At December 31, 2021, we had federal business tax credits of approximately $101.0 million which expire in the years 2025 through 2041. We also had state net operating loss carryforwards of approximately $426.0 million, which expire in the years 2022 through 2036, California research and development tax credits of approximately $45.0 million, which do not expire, and California Competes Tax Credits of approximately $2.0 million, which expire in 2026.
Under the Internal Revenue Code and similar state provisions, certain substantial changes in our ownership could result in an annual limitation on the amount of net operating loss and credit carryforwards that can be utilized in future years to offset future taxable income. The annual limitation may result in the expiration of net operating losses and credit carryforwards before utilization. We completed a Section 382 analysis through December 31, 2021, and concluded that an ownership change, as defined under Section 382, had not occurred.

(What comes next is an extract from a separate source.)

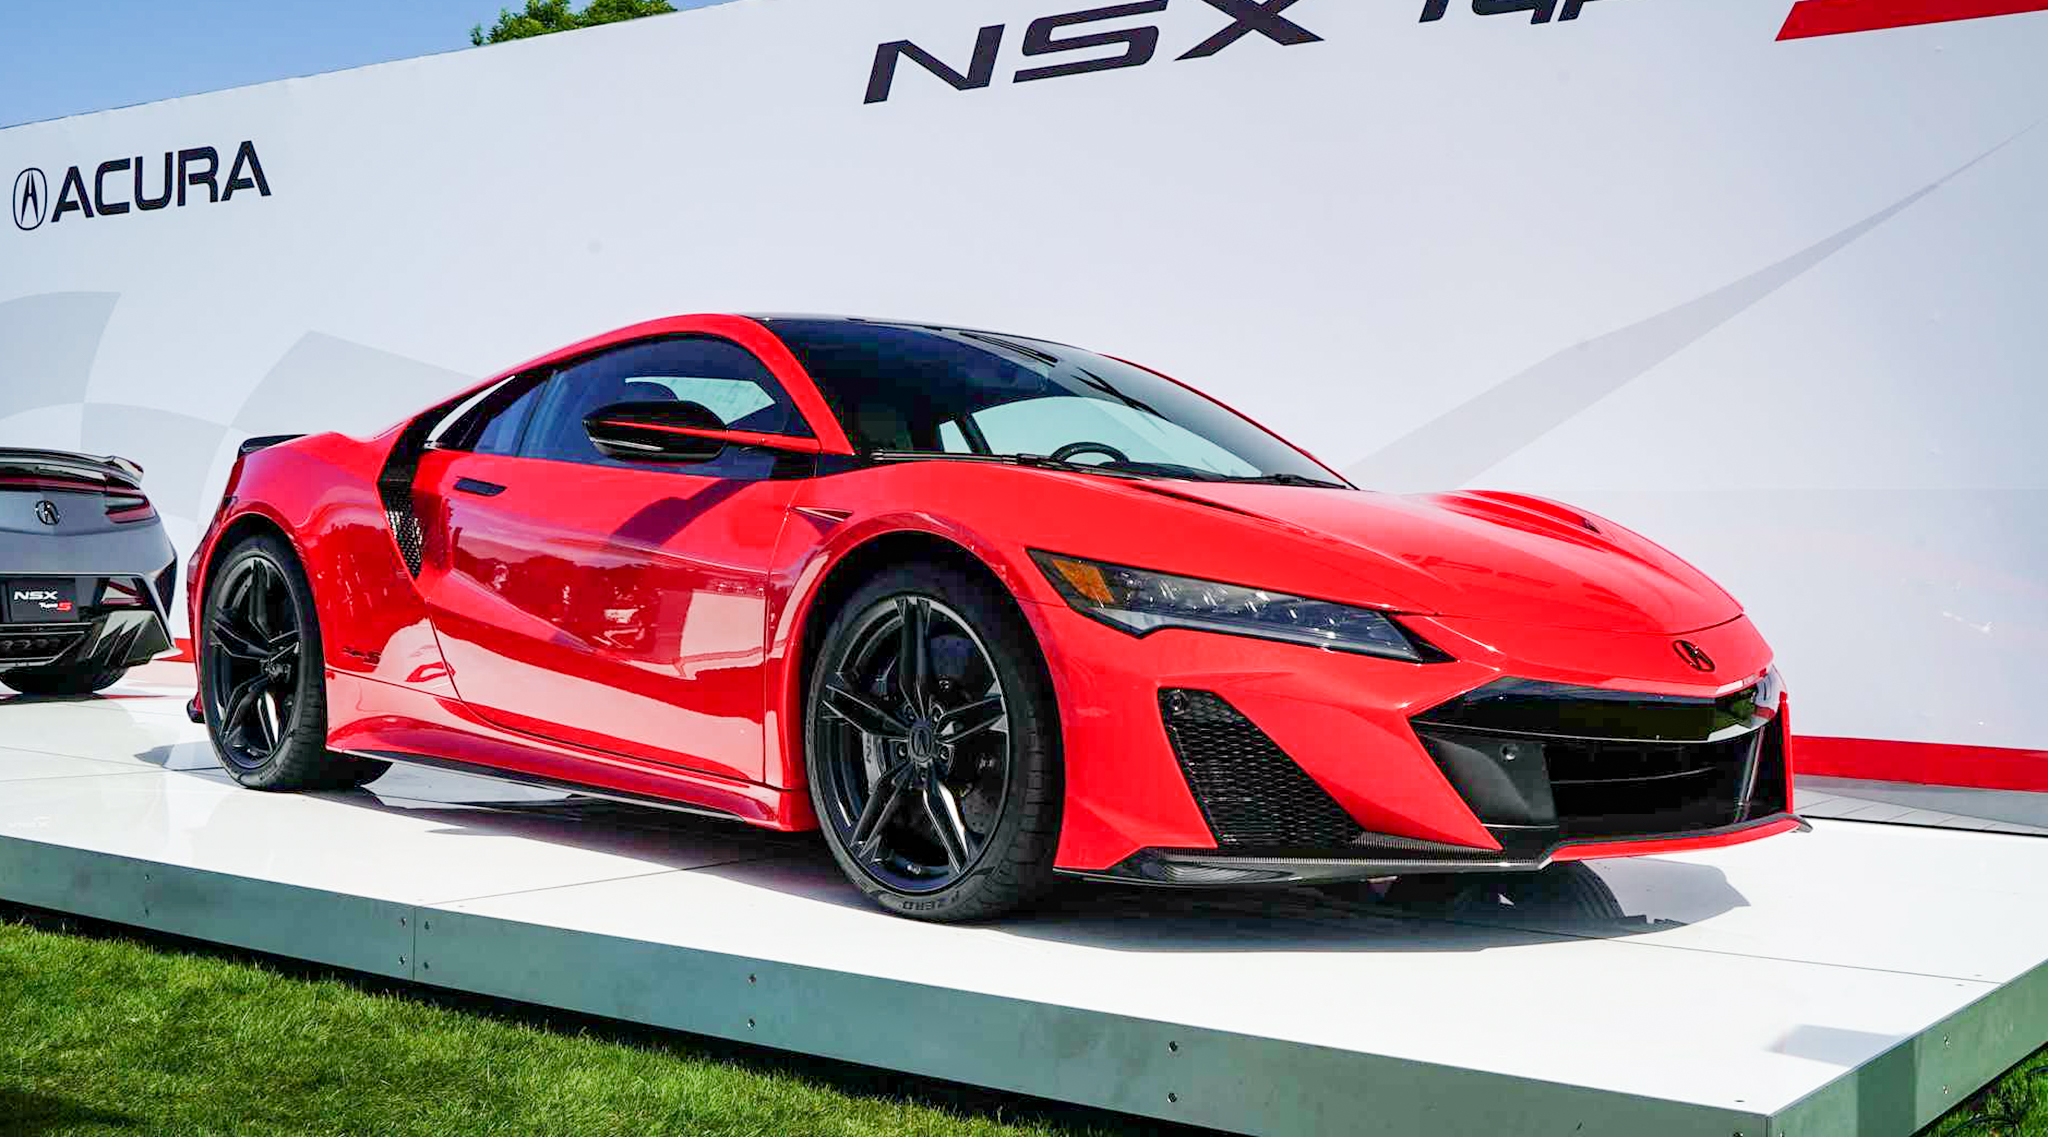 bao to honor their friendship drake made jordan b s dream come true by giving him a rare acura nsx supercar for his birthday 652ea6f936959 To Honor Their Friendship, Drake Made Jordan B's Dream Come True By Giving Him A Rare Acura Nsx Supercar For His Birthday.

The following table summarizes the activity related to our unrecognized tax benefits (in thousands):
 
Year Ended December 31,
 
202120202019
Beginning balance$80,941 $79,078 $76,060 
Change relating to prior year provision728 591 589 
Change relating to current year provision2,215 3,305 2,429 
Reductions based on the lapse of the applicable statutes of limitations(301)(2,033)— 
Ending balance$83,583 $80,941 $79,078 
We do not anticipate that the amount of unrecognized tax benefits existing as of December 31, 2021 will significantly change over the next 12 months. As of December 31, 2021, we had $83.6 million in unrecognized tax benefits, of which $52.6 million would reduce our provision for income taxes and the effective tax rate, if recognized. Interest and penalties were nominal or zero for all periods presented. We have elected to record interest and penalties in the accompanying Consolidated Statements of Income as a component of income taxes.
We file U.S. and state income tax returns in jurisdictions with varying statues of limitations during which such tax returns may be audited and adjusted by the relevant tax authorities. The 2001 through 2021 tax years generally remain subject to examination by federal and most state tax authorities to the extent net operating losses and credits generated during these periods are being utilized in the open tax periods.